5.5. Interaction Dynamics and the Attention Economy

User impatience emerged as a recurring behaviour, with some participants skipping content and ignoring timers or navigation prompts. This reflects the attention economy of public environments, where interactions compete with time constraints and competing demands [42,43]. Even when a system operates securely and reliably, perceived usefulness may diminish if interactions are not concise, adaptive, and immediately relevant.
This finding suggests a design implication: public-space robots should prioritise critical information early and incorporate adaptive pacing (e.g., optional “quick paths” or interaction shortening when disengagement is detected). Such design strategies may improve perceived reliability by ensuring a consistent user experience even under limited attention conditions.

5.6. Contribution to Responsible Robotics and HRI

Compared with many HRI studies that rely primarily on lab-based simulations or expert evaluations, this work demonstrates the value of in situ, end-user validation. The deployment captured authentic behaviours, contextual expectations, and sociocultural concerns that are difficult to reproduce in controlled environments. Moreover, the study provides a reproducible operational pattern for public deployments aligned with lifecycle governance, contributing methodological clarity for future research.
A notable technical contribution is the publicly available GitHub repository containing reusable templates and implementation resources for the ARI platform [35]. This resource reduces entry barriers for researchers and educators, supports reproducibility, and enables adaptation across institutions. In this sense, the contribution extends beyond reporting results: it provides actionable artefacts that support reliable and responsible deployment practices in the broader community.

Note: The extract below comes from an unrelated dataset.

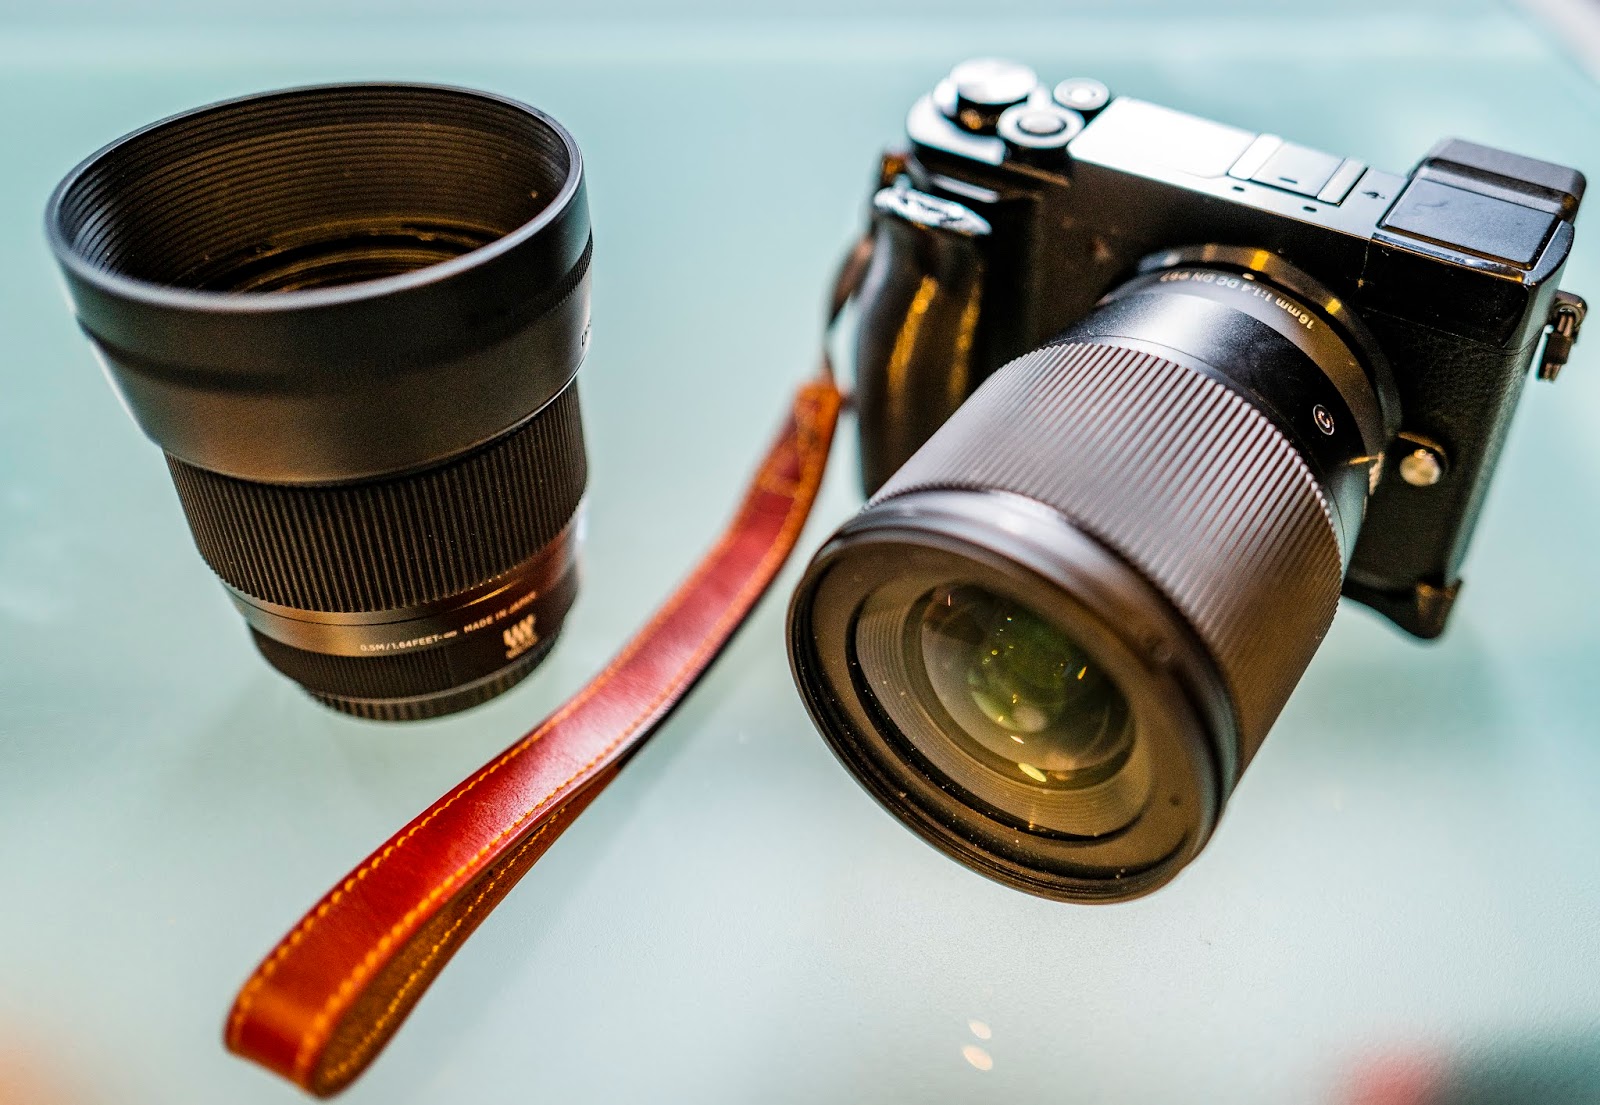 SOUNDIMAGEPLUS: Who full-frame? The Leica lookalike Panasonic GX9.

5.7. Comparison with Established Security Frameworks

Traditional frameworks such as NIST, MITRE ATT&CK, and the Cyber Kill Chain provide robust cybersecurity models for digital infrastructures [11,12,24]. However, they do not directly address embodied risks (physical safety, accessibility, public trust) that are central to robots operating in open environments. SecuRoPS extends these models by integrating stakeholder dialogue, user testing, ethical scrutiny, and iterative learning into a lifecycle approach [7]. The present study strengthens this positioning by showing how these lifecycle considerations are experienced by end users, thereby linking sociotechnical governance to real-world perceptions.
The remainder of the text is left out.